YOLO, a new approach to object detection. Prior work on object detection repurposes classifiers to perform detection. Instead, we frame object detection as a regression problem to spatially separated bounding boxes and associated class probabilities. A single neural network predicts bounding boxes and class probabilities directly from full images in one evaluation. Since the whole detection pipeline is a single network, it can be optimized end-to-end directly on detection performance.

Yolo

YOLO (You Only Look Once) real-time object detection algorithm, which is one of the most effective object detection algorithms that also encompasses many of the most innovative ideas coming out of the computer vision research community. Object detection is a critical capability of autonomous vehicle technology. It’s an area of computer vision that’s exploding and working so much better than just a few years ago. At the end of this article, we’ll see a couple of recent updates to YOLO by the original researchers of this important technique.

YOLO architecture

As shown in the first image on the above first one, the algorithm first divides the image into defined bounding boxes then runs a recognition algorithm in parallel for all of these to identify which object class they belong to, lastly, it goes on to merging these boxes intelligently to form optimal bounding boxes around the objects.

Object Detection Demo

YOLO looks at the whole image at test time so its redictions are informed by the global context in the image.

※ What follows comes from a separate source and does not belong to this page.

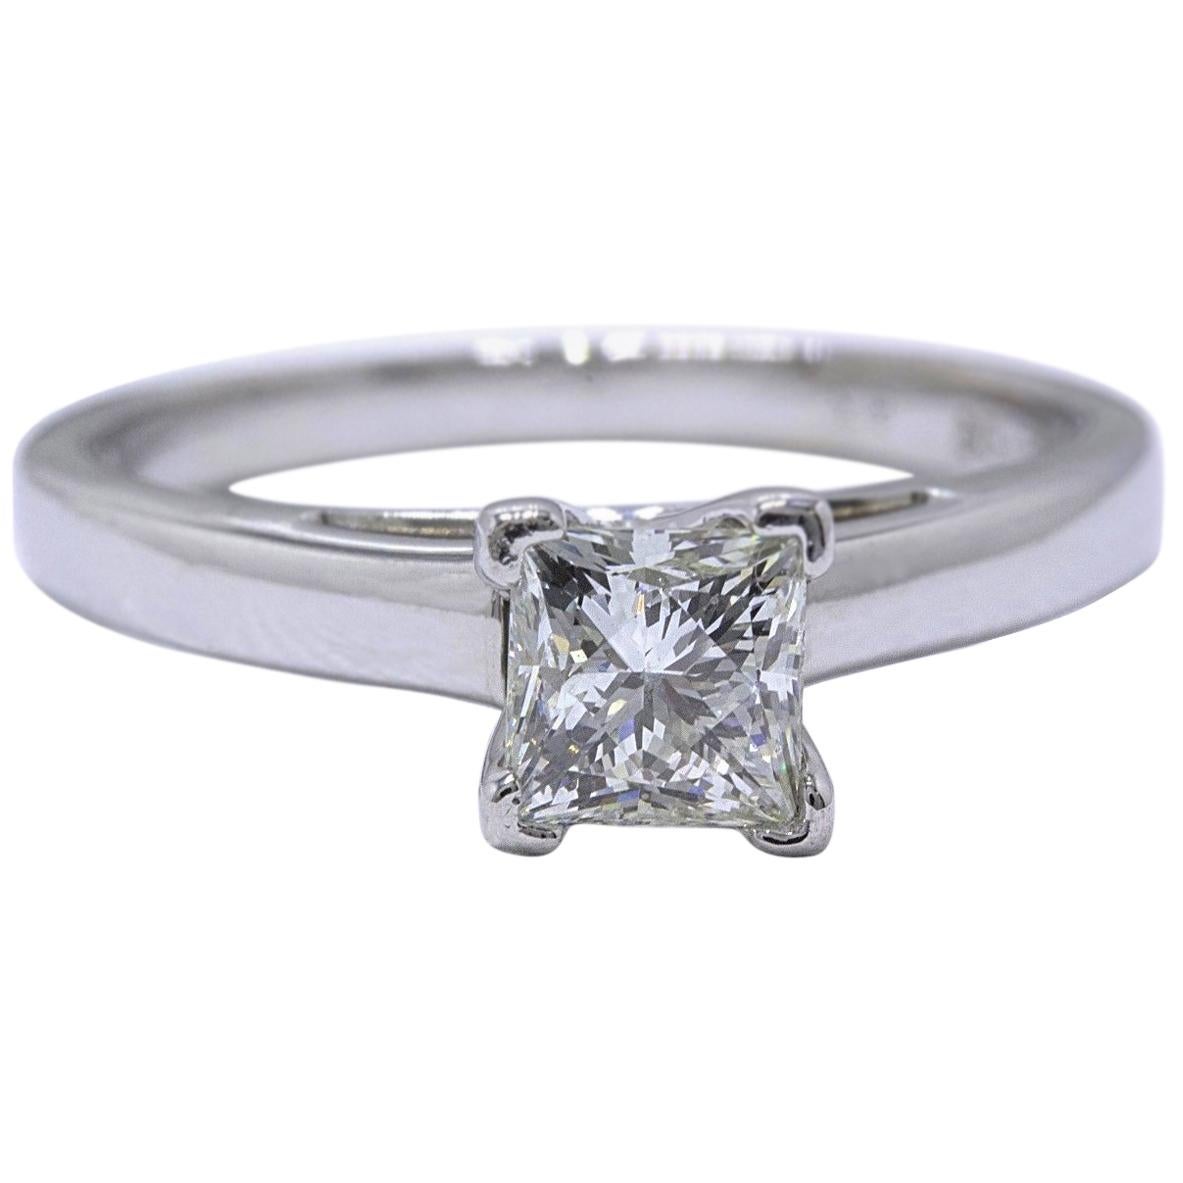 Leo Princess Cut Diamond Solitaire Engagement Ring 0.83 CT I SI1 14k White Gold

Previous methods, like R-CNN and its variations, used a pipeline to perform this task in multiple steps. This can
be slow to run and also hard to optimize because each individual component must be trained separately. YOLO
does it all with a single neural network.

The Training:

The authors describe the training in the following way:

  • First, pretrain the first 20 convolutional layers using the ImageNet 1000-class competition dataset, using an input size of 224×224.
  • Then, increase the input resolution to 448×448.
  • Train the full network for about 135 epochs using a batch size of 64, momentum of 0.9 and decay of 0.0005.
  • Learning rate schedule: for the first epochs, the learning rate was slowly raised from 0.001 to 0.01. Train for about 75 epochs and then start decreasing it.
  • Use data augmentation with random scaling and translations, and randomly adjusting exposure and saturation.

The loss:

YOLO predicts multiple bounding boxes per grid cell. To compute the loss for the true positive, we only want one of them to be responsible for the object. For this purpose, we select the one with the highest IoU (intersection over union) with the ground truth.

Each prediction gets better at predicting certain sizes and aspect ratios. YOLO uses sum-squared error between the predictions and the ground truth to calculate the loss.

The loss function composes of:

  • the classification loss.
  • the localization loss (errors between the predicted boundary box and the ground truth).
  • the confidence loss (the objectness of the box).

The loss function:

Yolo Loss

Code:

First download coco labels and yolov3 cfg file:

https://github.com/noumannahmad/ComputerVision/tree/master/Yolo_Object_Detection/yolo-coco

1. coco.names

2. yolov3.cfg

Download weights: https://pjreddie.com/media/files/yolov3.weights

YOLO FOR object detction using image as input

# import the necessary packages
import numpy as np
import argparse
import time
import cv2
import os

# construct the argument parse and parse the arguments

yolo_path='yolo-coco'
# load the COCO class labels our YOLO model was trained on
labelsPath =(yolo_path+"/coco.names")
LABELS = open(labelsPath).read().strip().split("\n")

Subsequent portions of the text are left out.